Королева Грёз сказала, что Оссерк пропал. Что бы это значило? Как? Почему? Он жаждал найти ответы на эти вопросы.

Куральд Тюрллан был порождением насилия, разрушения Тьмы. Старшим Путём, что с тех пор разветвился во многих направлениях, став в понимании смертных людей Тюром. А до того, под видом животворящего огня, Телланном.

Телланн мощно присутствовал здесь, в Семи Городах; хоть неясный и глубоко скрытый, но тем не менее — вездесущий. Куральд Тюрллан, с другой стороны, был искажён и оставался опасным из-за разлома родственного Пути. Как хорошо знал Л’орик, здесь не было безопасных проходов в Тюрллан.

Что ж, хорошо. Попробуем Телланн.

Он вздохнул и встал. Конечно, это было чрезвычайно рискованно. Перекинув выбеленную телабу через локоть, он подошёл к сундуку рядом с койкой. Присел, провёл над сундуком рукой, временно развеяв защитные чары, и поднял крышку.

Лиосанская броня, белая эмаль покрыта трещинами. Шлем с личиной, из такого же материала; кожаная подкладка оплетена вокруг глаз и щёк кольчугой из чернёного железа. Лёгкий, узкий полуторный меч; остриё удлинённое и скошенное, ножны из белёсой древесины.

Он нацепил броню, в том числе шлем, потом накинул поверх телабу и поднял капюшон. Затем пришла очередь кожаных рукавиц и пояса с мечом.

Потом маг замешкался.

Л’орик презирал сражения. В отличие от своих сородичей лиосанов, он не питал склонности к суровой справедливости, к утверждению жёстко очерченного мировоззрения, не допускавшего двусмысленности. Он не верил в порядок, создаваемый остриём меча. Свершение, да, но свершение, имевшее привкус поражения.

Необходимость была горькой приправой, но он не видел иного выбора и потому вынужден будет вытерпеть этот вкус.

Ему снова придётся пройти через лагерь, очень осторожно обращаясь к своим силам, чтобы остаться невидимым для смертных и при этом не привлечь внимания богини. Ярость её гнева была его величайшим союзником, и придётся положиться на неё.

Он вышел.

 

За мороком песчаной взвеси солнце казалось багровым пятном. Не прошло и колокола со времени его выхода, когда Л’орик добрался до поляны Тоблакая. Он застал Фелисину спящей под навесом, который они устроили между тремя стоящими друг напротив друга резными деревьями, и решил её не беспокоить. Вместо этого, смущённо взглянув на статуи двух теблоров, он встал перед семью каменными лицами.

Их духи давно исчезли, если они вообще здесь присутствовали, эти таинственные т’лан имассы, боги Тоблакая. Освящение этого места было вырвано у них силой, оставив его предназначенным для чего-то другого. Но трещина осталась, возможно, след их краткого визита.
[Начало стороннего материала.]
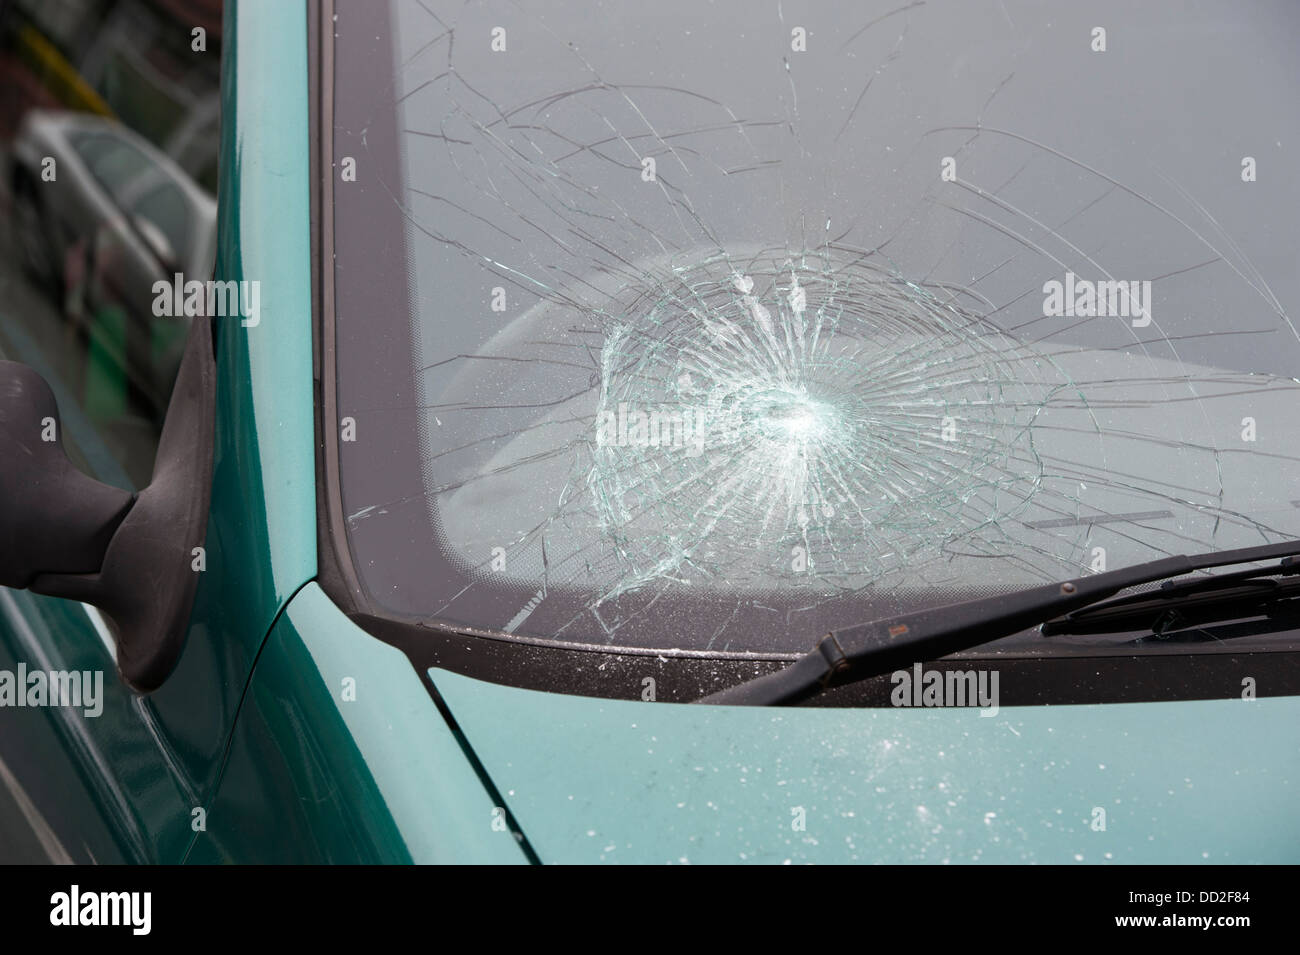 Zersplitterte Windschutzscheibe zeigt kaputte Autoscheibe nach einem  Verkehrsunfall mit Fahrerflucht und Polizeieinsatz wegen Trunkenheit am  Steuer mit Glasschaden an der Frontscheibe und Splittern Stock-Foto

Её, как надеялся Л’орик, хватит, чтобы пробиться к Пути Телланна.

Он раскрыл свою силу, направил волю в трещину, расширил её настолько, чтобы ступить через неё…

…на илистый пляж на краю огромного озера. Его сапоги погрузились в ил по щиколотки. Тучи насекомых взлетели с берега и закружились вокруг него. Л’орик замешкался, глядя вверх на облачное небо. В воздухе стоял зной поздней весны.

Я попал не в то место… или не в то время. Это — древнейшая память Рараку.

Он отвернулся от берега. Болотистая отмель протянулась на двадцать шагов, тростник колышется на лёгком ветру, затем местность мягко переходит в саванну. Низкие гряды темнеющих холмов очерчивают горизонт. Несколько величественных деревьев высятся над разнотравьем, полным белокрылых, пронзительно кричащих птиц.

Вспышка движения в тростнике привлекла его внимание, и рука Л’орика потянулась к рукояти меча, когда появилась звериная морда, за которой следовали сгорбленные плечи. Гиена, из тех, которых можно найти к западу от Арена и, гораздо реже, в Карашимеше, — но размером с медведя. Широкая, тупорылая голова поднята, нос нюхает воздух, глаза злобно прищурены.

Гиена шагнула вперёд.

Л’орик выхватил меч из ножен.

На шелест клинка зверь вскинулся, отпрыгнул влево и бросился в тростник.

Высший маг мог проследить его бегство по колеблющимся стеблям, затем зверь появился снова, взбегая на склон.

Л’орик вернул клинок в ножны. Он зашагал прочь от илистого берега, намереваясь пройти по тропе, проломленной в тростниках гиеной, и, спустя четыре шага, обнаружил обгрызенные останки трупа. Поскольку разложение зашло далеко, а конечности растащили падальщики, прошло несколько мгновений, прежде чем Высший маг сумел установить форму трупа. Он заключил, что то был гуманоид. Ростом с нормального человека, однако то, что осталось от кожи, покрывали клочья тонкой, тёмной шерсти. Плоть разбухла от воды, и это указывало, что существо утонуло. Оглядевшись, Высший маг вскоре обнаружил и голову.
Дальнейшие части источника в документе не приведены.